It's three days before the Pope leads hundreds of thousands of people in a mass at Philadelphia's Benjamin Franklin Parkway, and four miles away at the Wells Fargo Center, one of America's most famous ex-Catholics is already getting into the spirit of the occasion. Madonna uses a giant cross as a stripping pole and writhes around on a re-creation of the Last Supper table as she moans, 'Yeezus loves my pussy best.' 'Popey-wopey is on his way over,' she says later in the show. 'I think he's stalking me.'

The gleefully blasphemous moment is one of 21 elaborately choreographed numbers on Madonna's Rebel Heart Tour, which has been packing North American arenas since it kicked off September 9th. It's her most extravagant stage show ever - a two-hour set that features samurai warriors, matadors, gypsies, rockabilly kids dancing around a body shop and a dangerous-looking dance routine on top of giant swaying poles, not to mention a grand finale set in a gleaming 1920s-style Paris cafe.

'The logistical avalanche of putting it together was unlike anything I've ever done,' says Arianne Phillips, the head costume designer, who notes the tour uses 500 pairs of shoes and 450 costumes. 'Every day of rehearsals felt like an impossibility.' To prepare for the show, the 20 backup dancers spent three months putting in 14-hour days, six days a week.

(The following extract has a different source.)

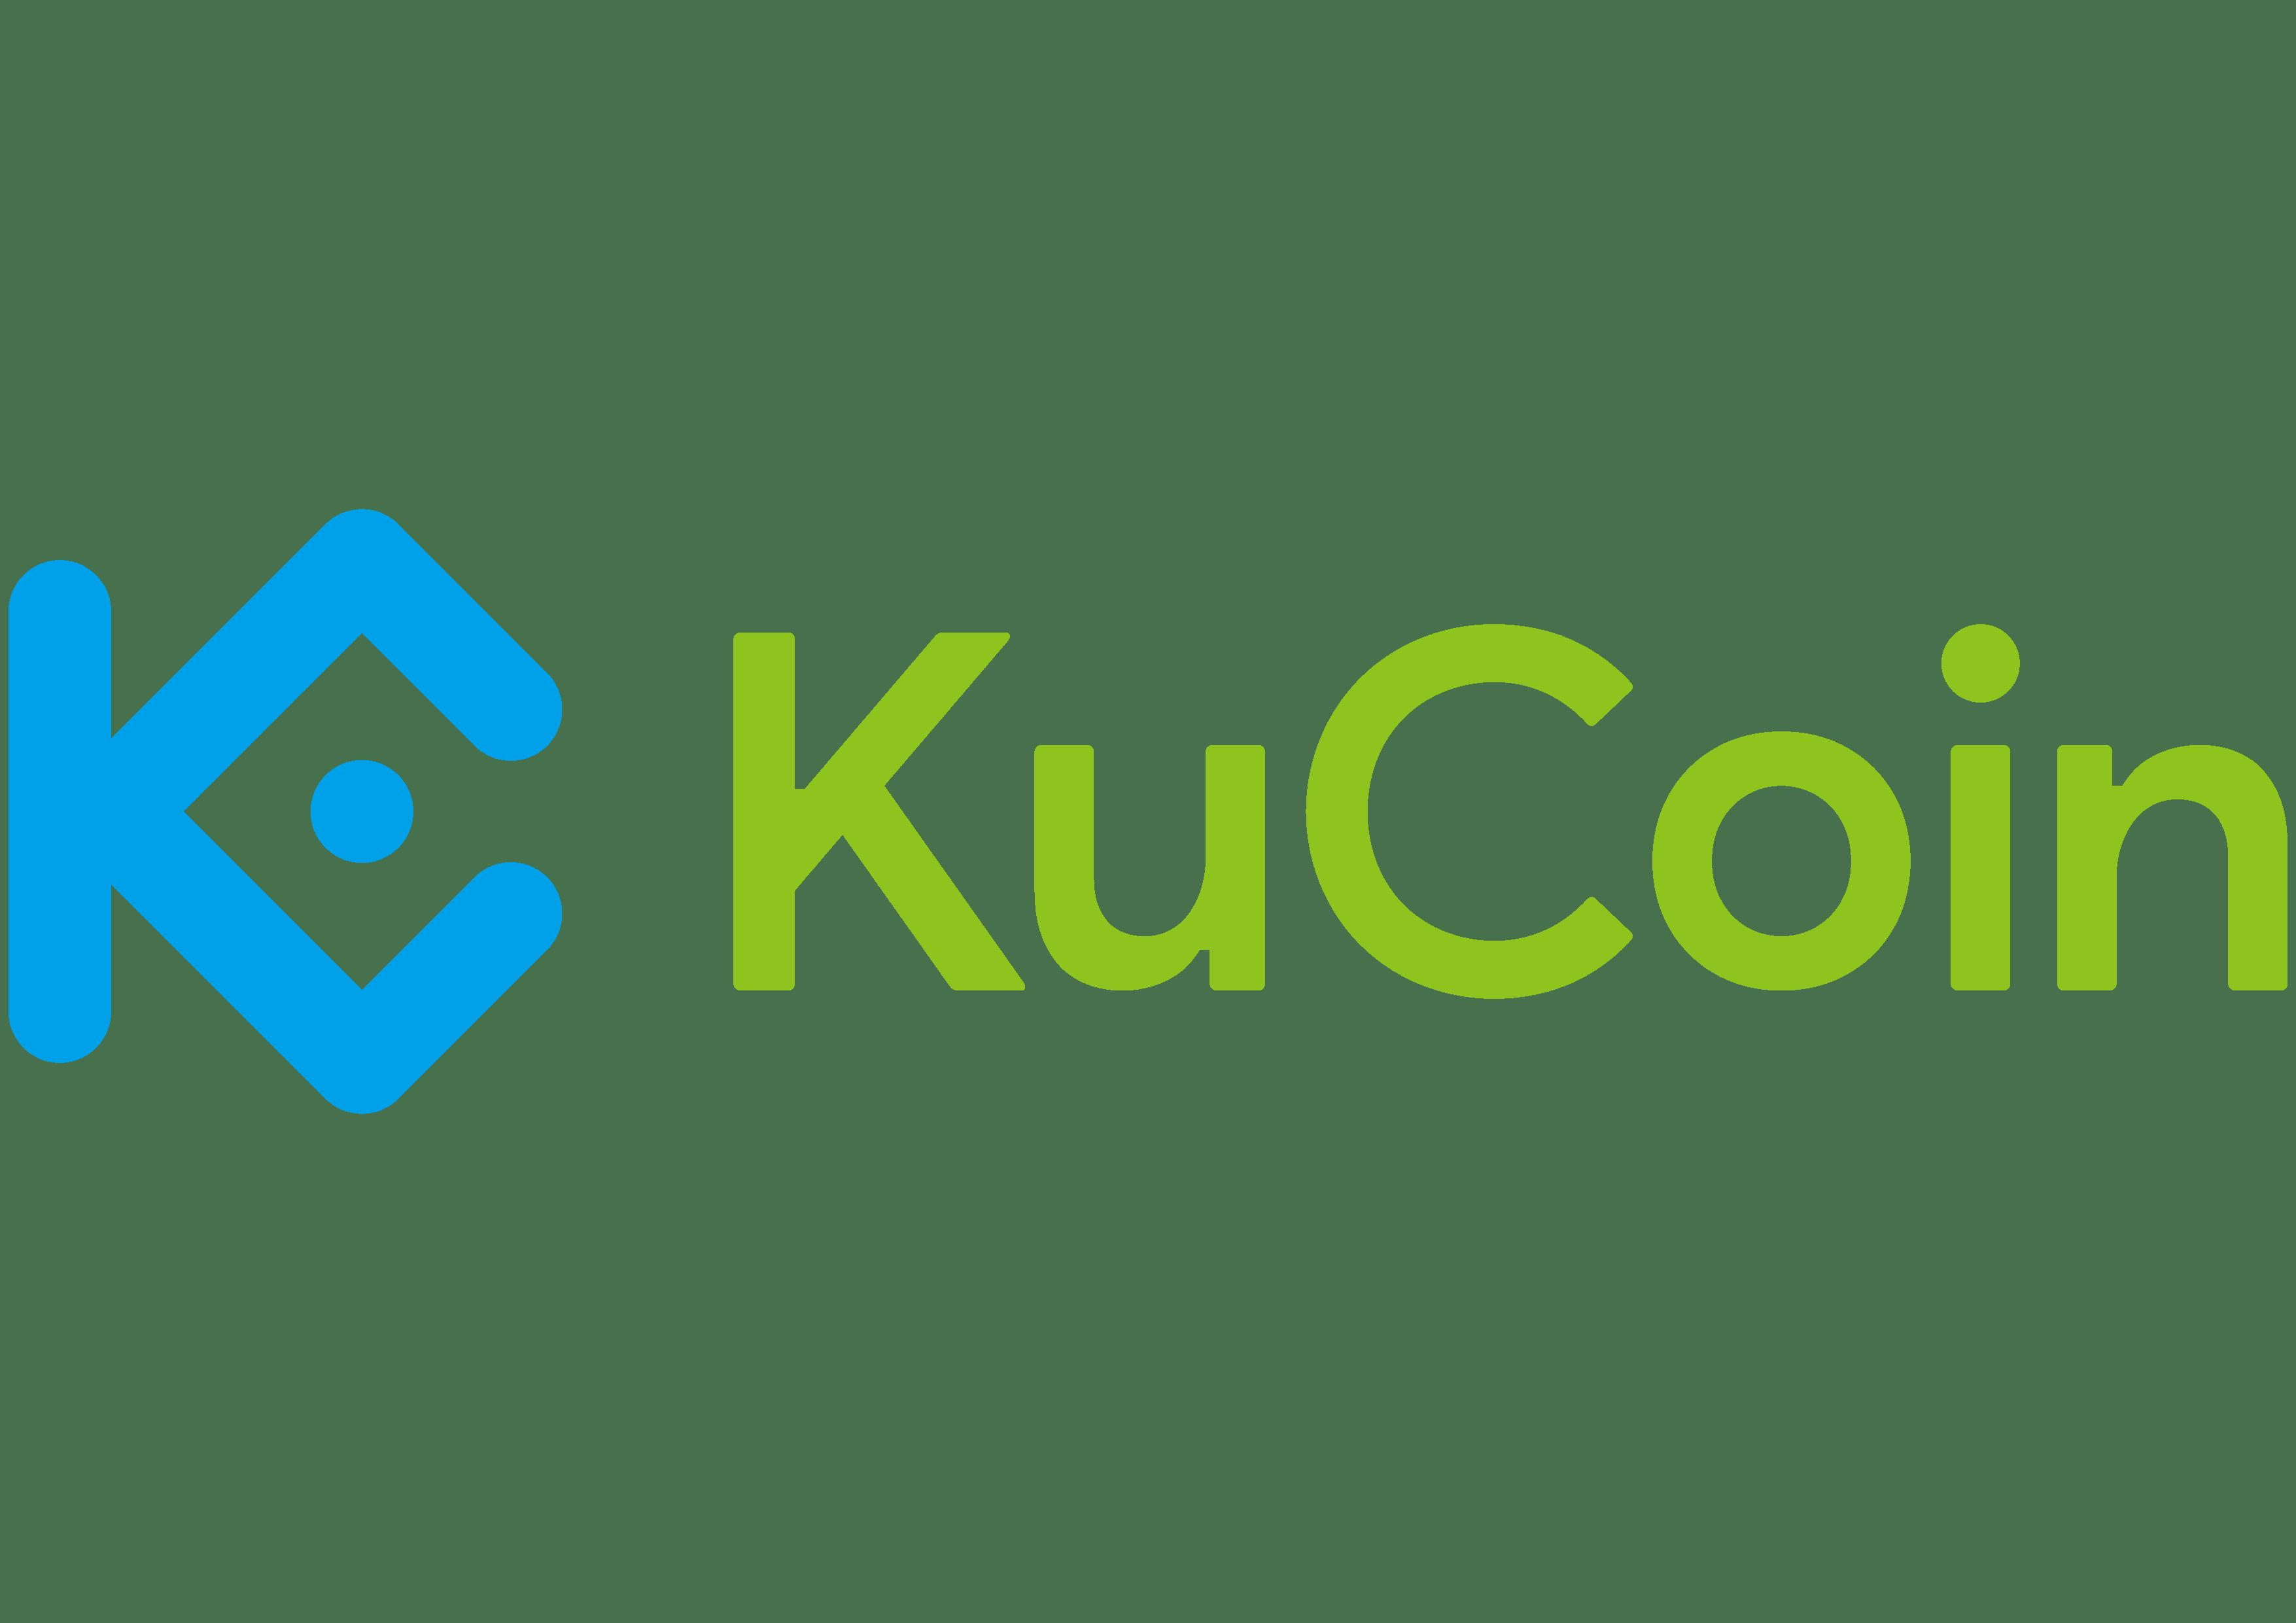 Logo KuCoin Shares
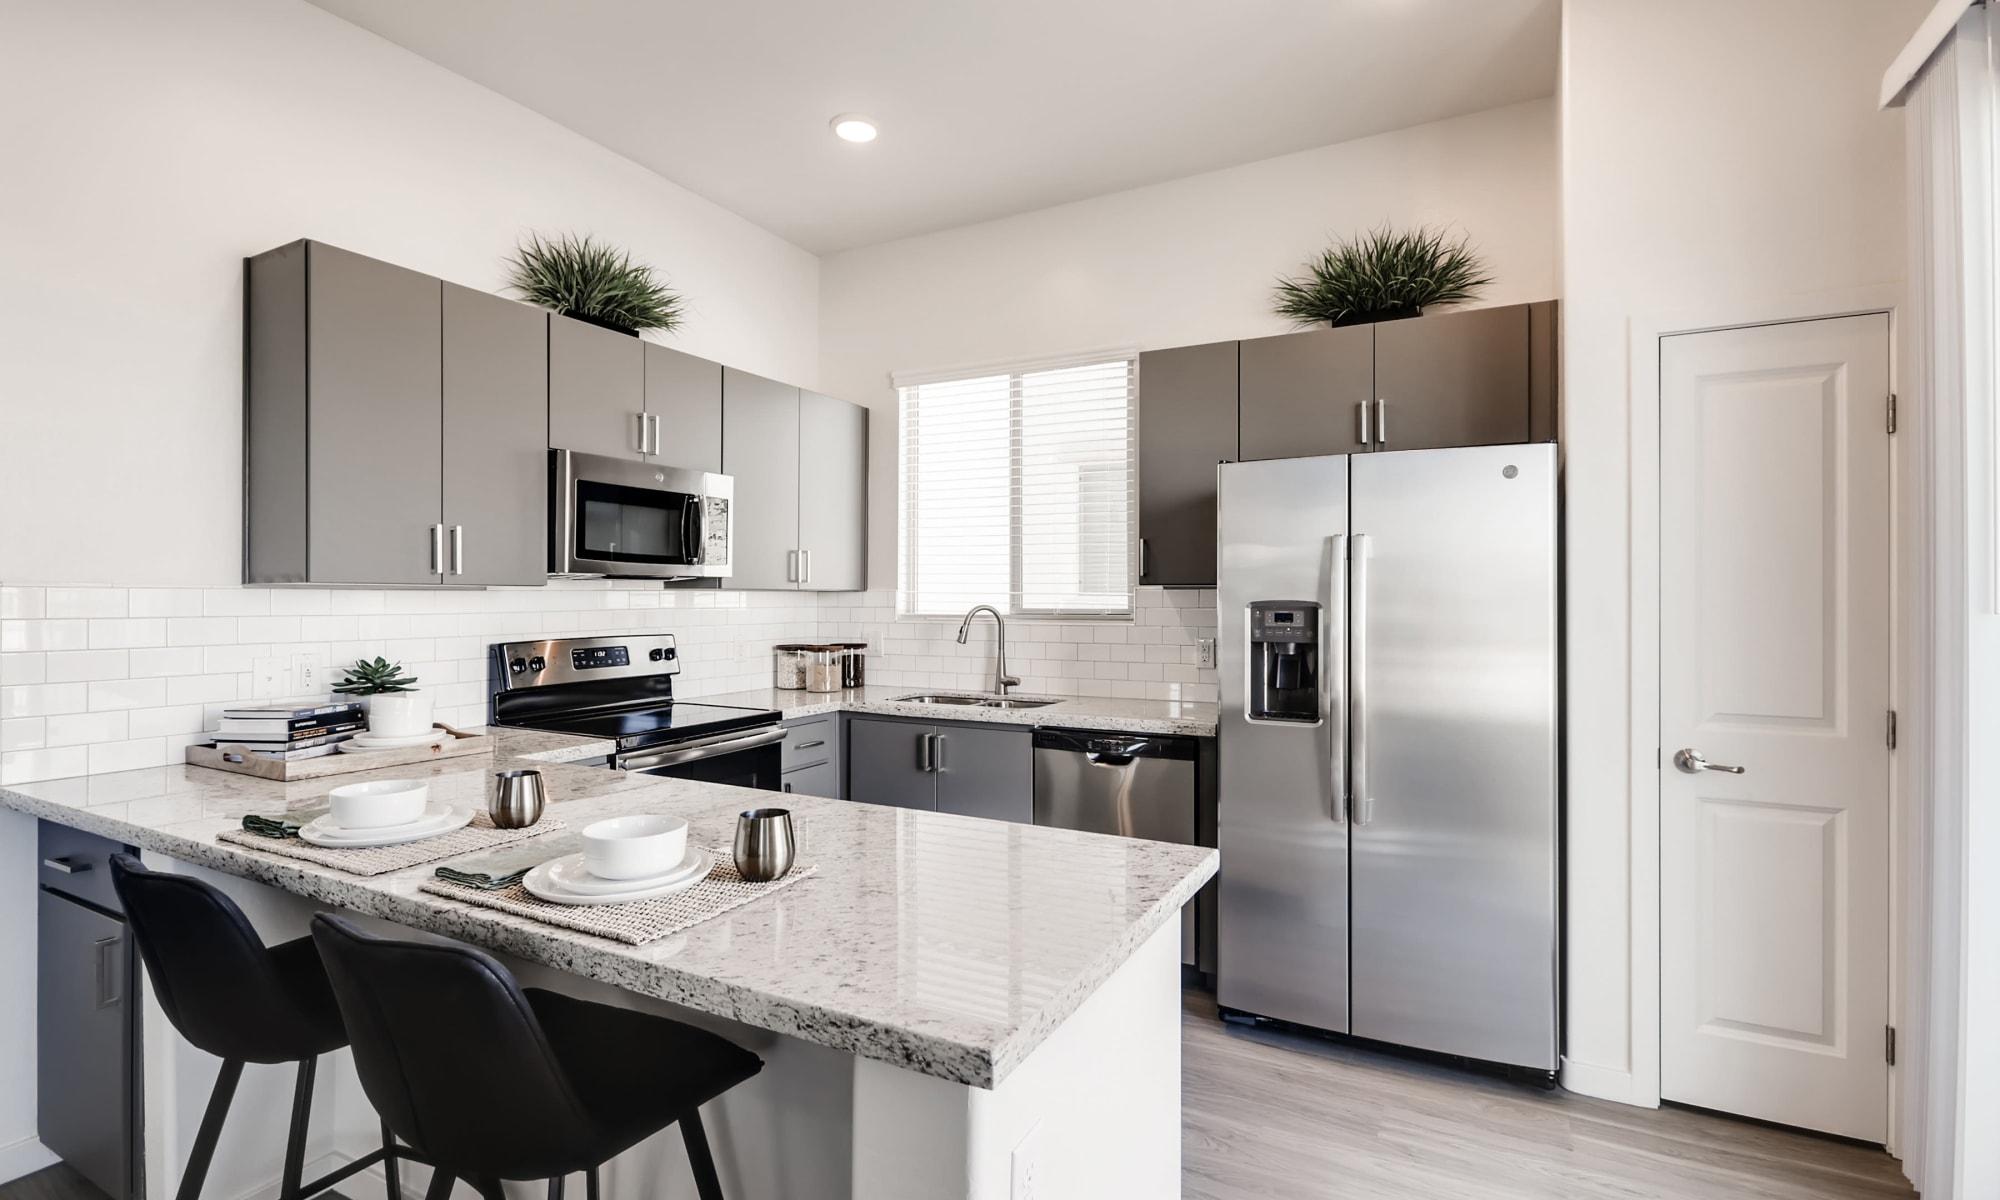 Avilla Enclave apartment homes in Mesa, Arizona

The 57-year-old Madonna was right beside them. 'No matter what we asked her to do, like riding a nun like a surfboard, she'd try without flinching,' says Megan Lawson, the tour's head choreographer.

The day after the Philadelphia show, Madonna phoned up Rolling Stone to talk about the tour.

At what point in the creation of Rebel Heart did you start brainstorming ideas for this tour?
Finishing my record was filled with panic and pressure because of all the leaks, so I wasn't really thinking about my live show until I released the record and started making videos and doing my promo show. So honestly, I didn't really try to sit down and get my head around it until last March. That's unusual for me because I usually start thinking way, way, way in advance.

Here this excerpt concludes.